▶ _PROBLEM_:
Leaving out any pictures, print the entries that follow exactly as they stand.
------------------------------------------------------------------------
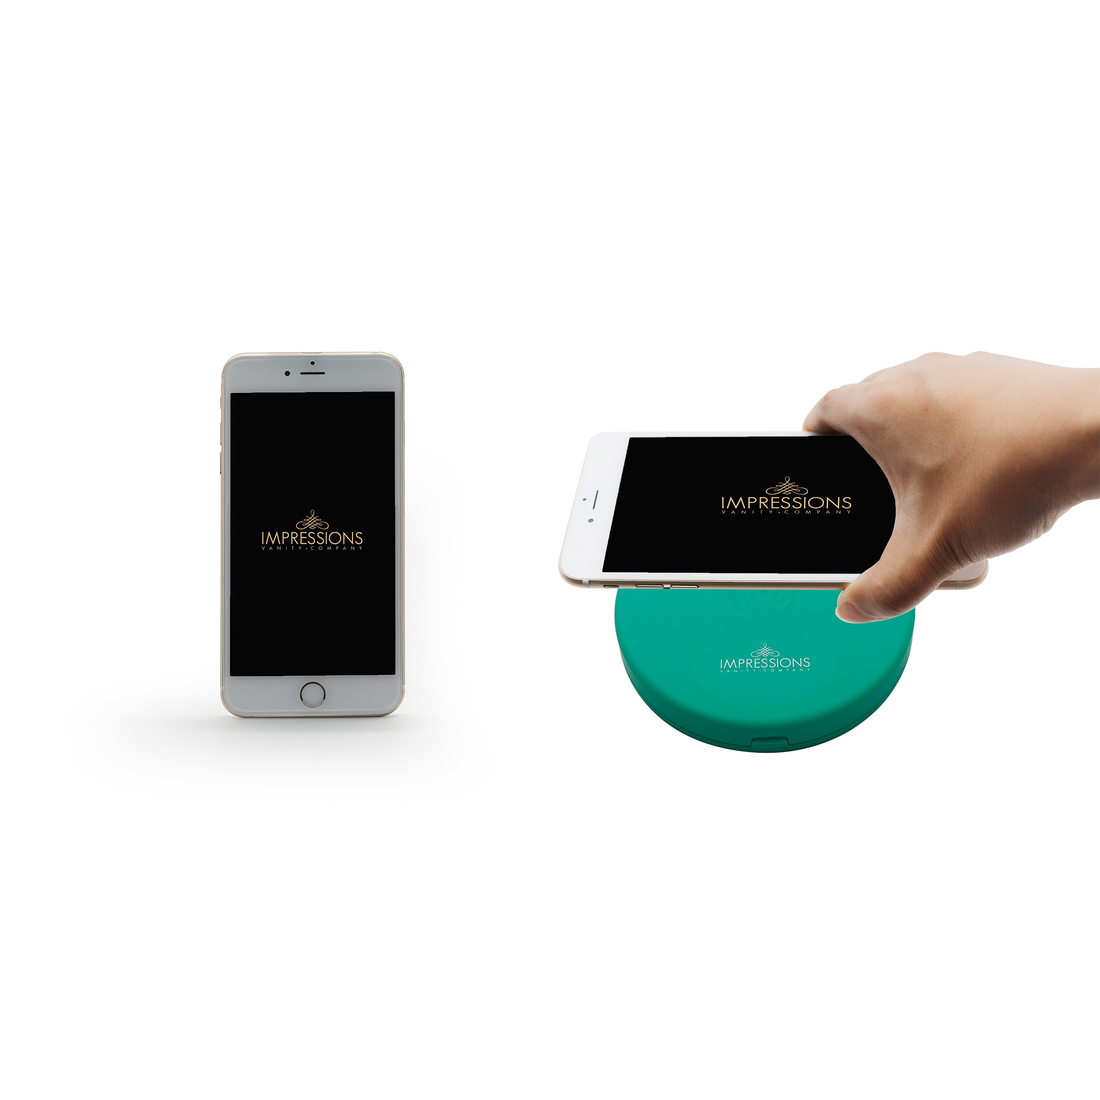 Ariel Compact Mirror with Wireless Power Bank Charging Base
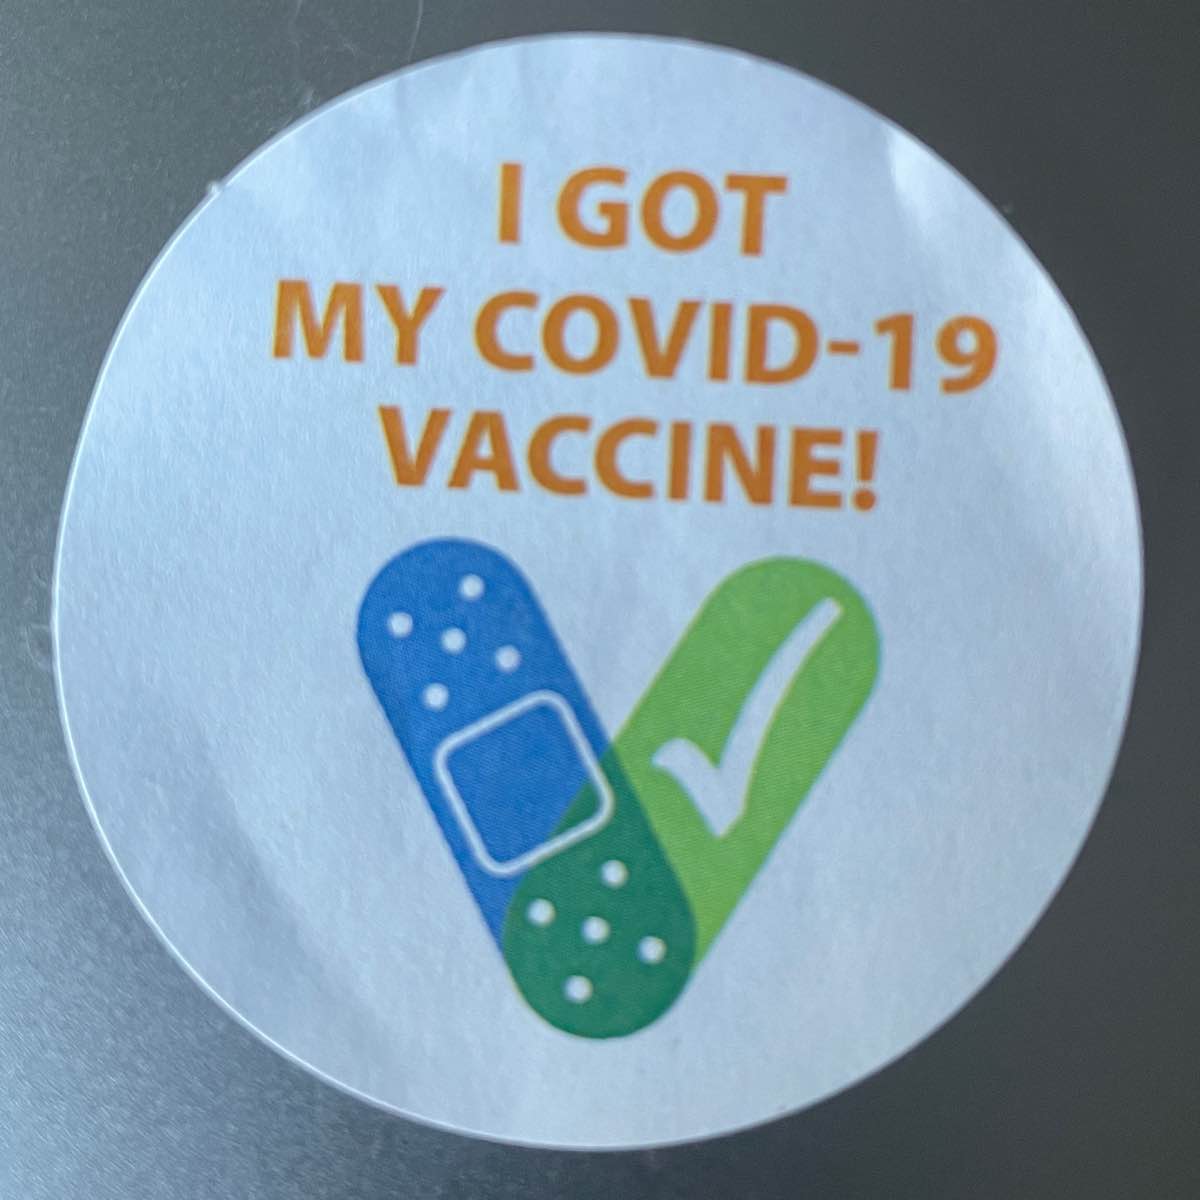 A sticker that says I got vaccined
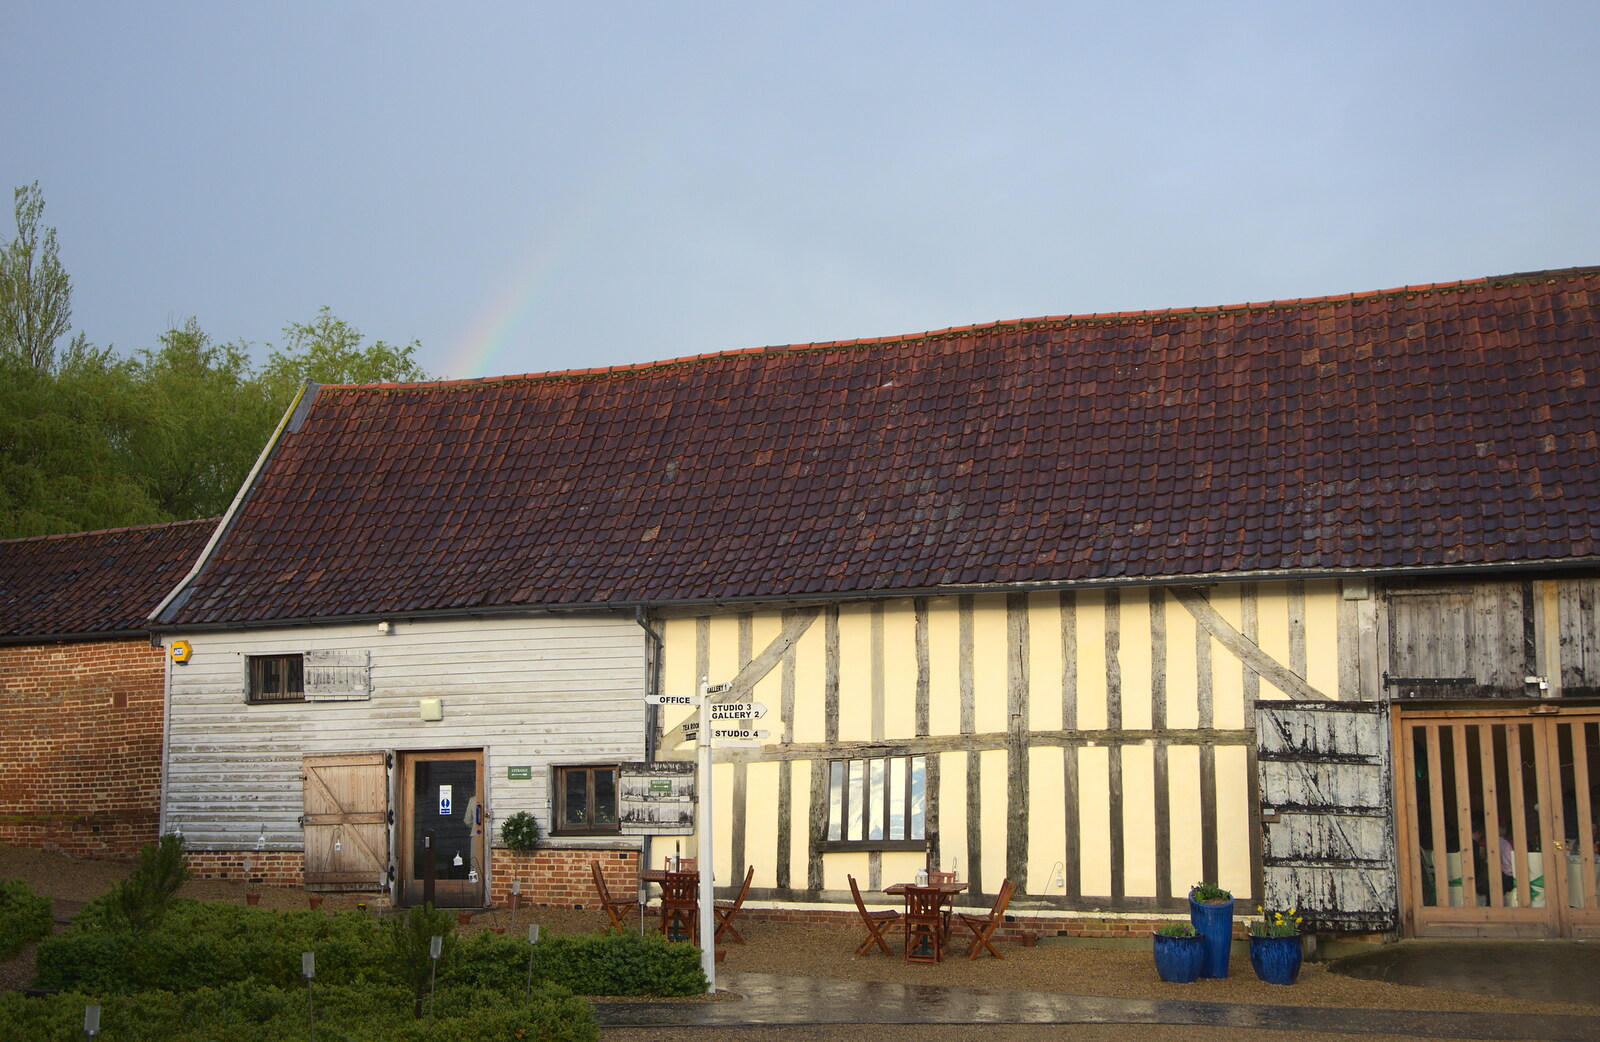 A faint rainbow over the barn from The BBs at Wingfield, and More Garage Destruction, Suffolk and London - 11th May 2013
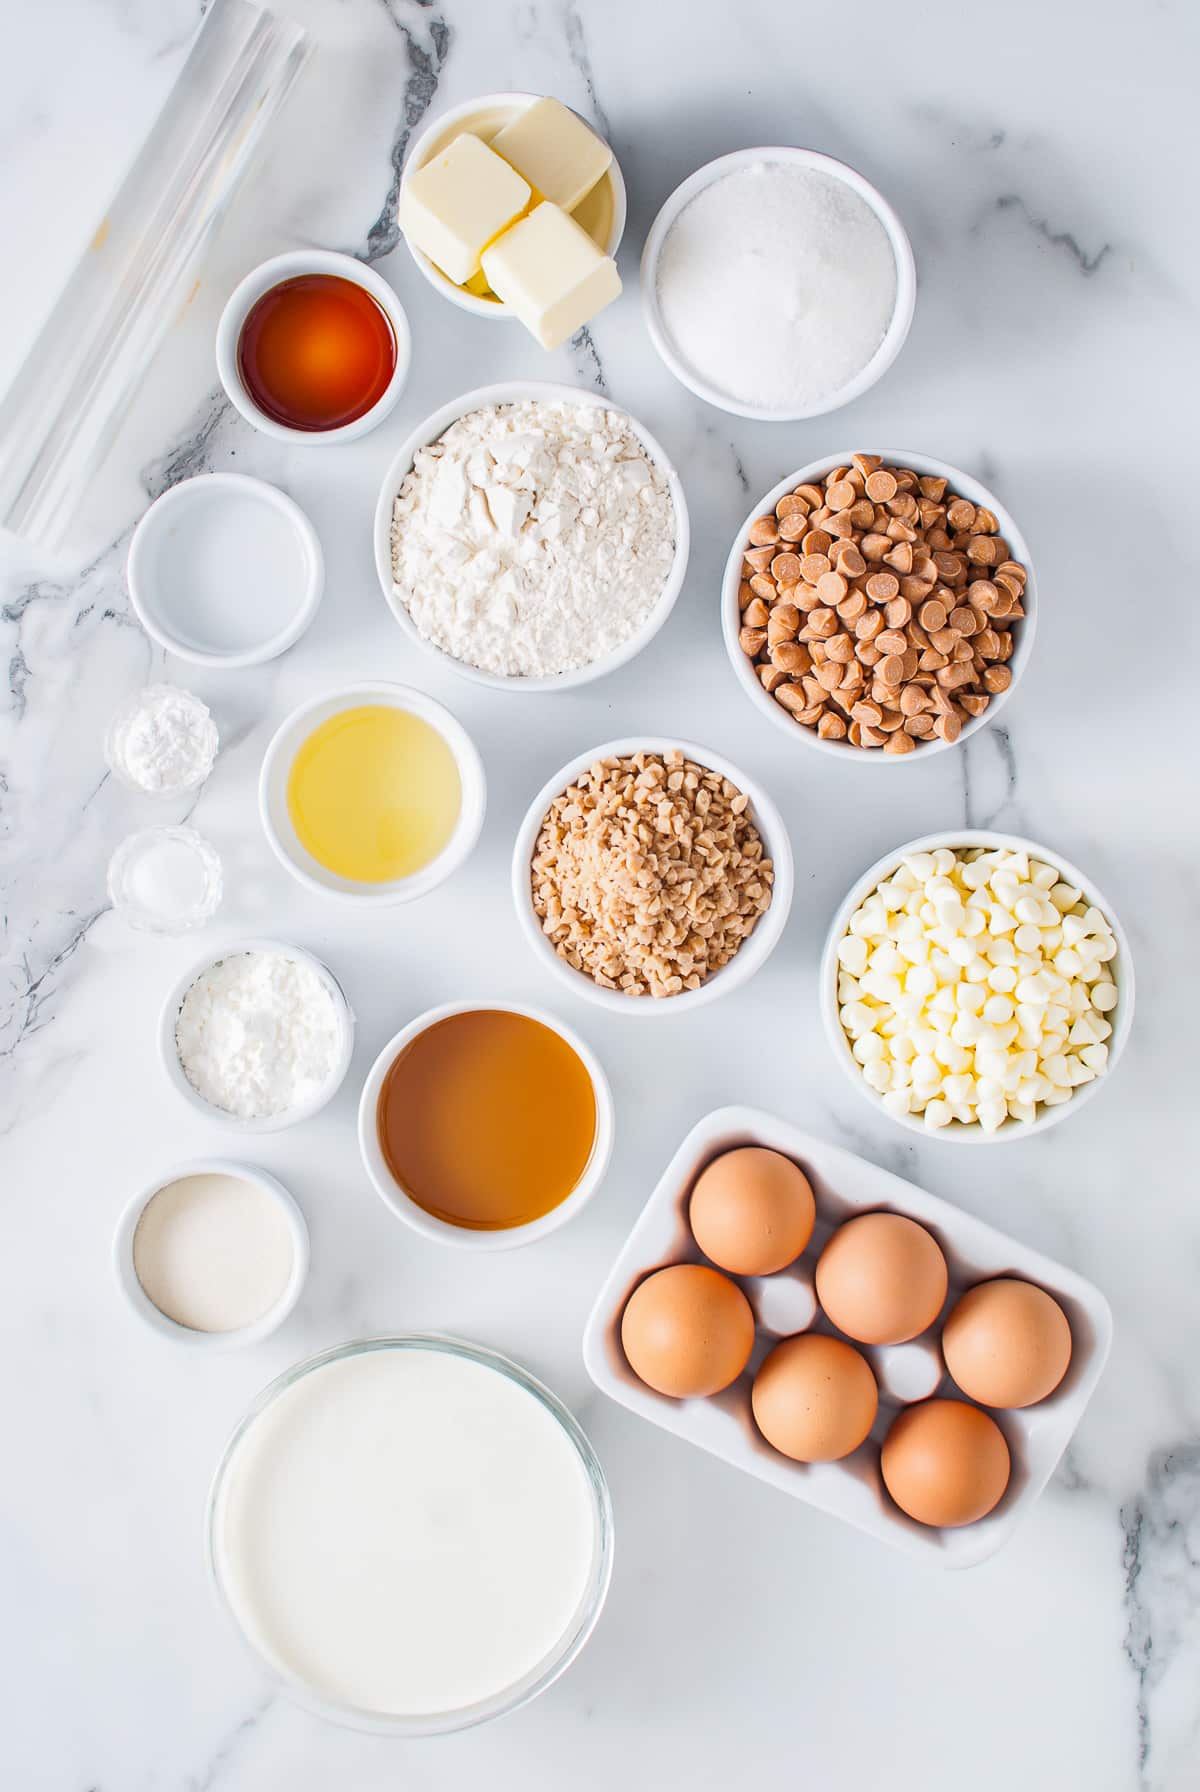 Overhead image of ingredients needed to make white chocolate mousse cake
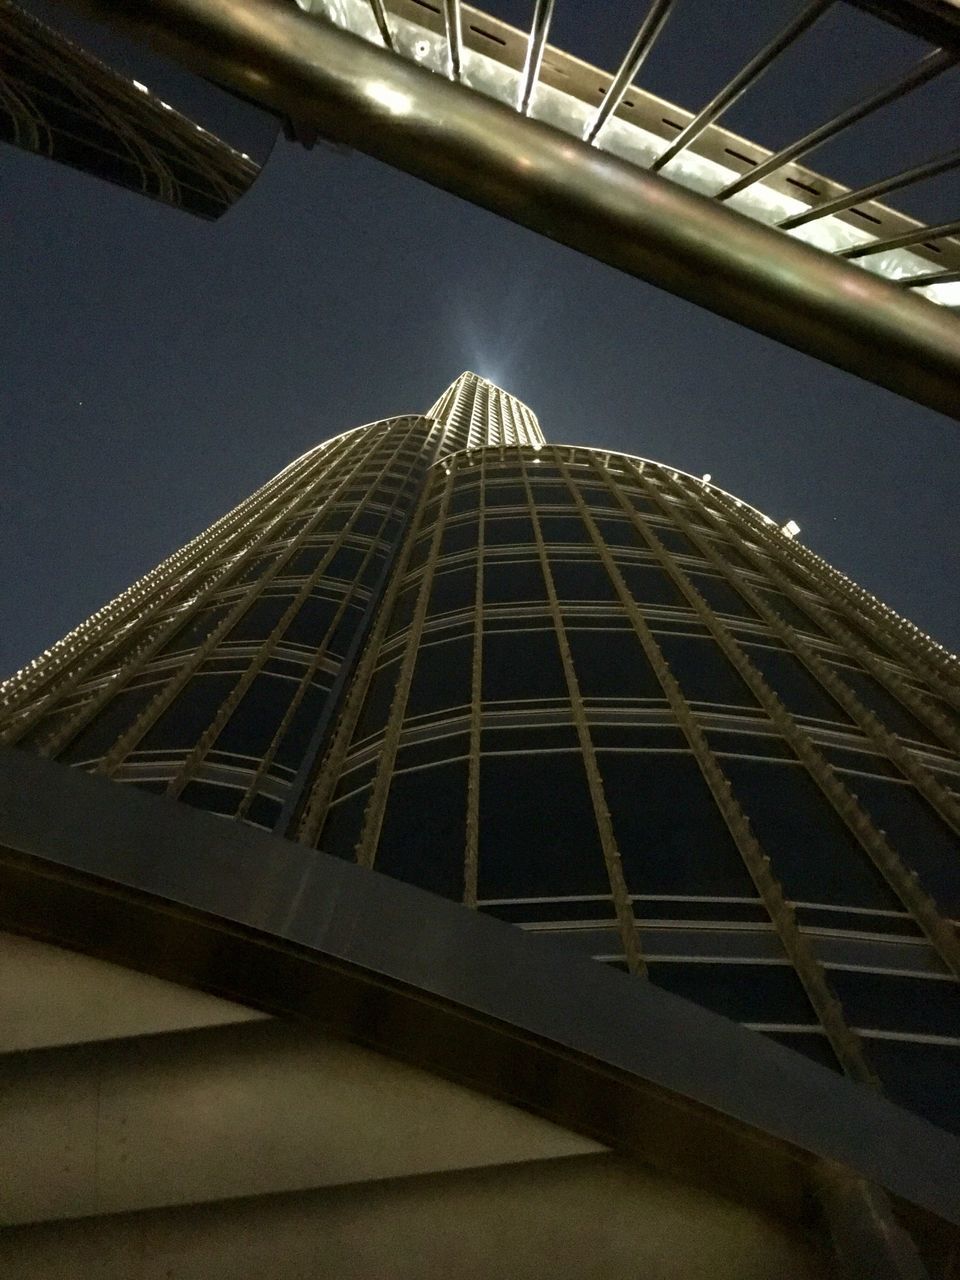 LOW ANGLE VIEW OF SKYSCRAPER
------------------------------------------------------------------------
▶ _SOLUTION FOR THIS EXERCISE_:
 Ariel Compact Mirror with Wireless Power Bank Charging Base
 A sticker that says I got vaccined
 A faint rainbow over the barn from The BBs at Wingfield, and More Garage Destruction, Suffolk and London - 11th May 2013
 Overhead image of ingredients needed to make white chocolate mousse cake
 LOW ANGLE VIEW OF SKYSCRAPER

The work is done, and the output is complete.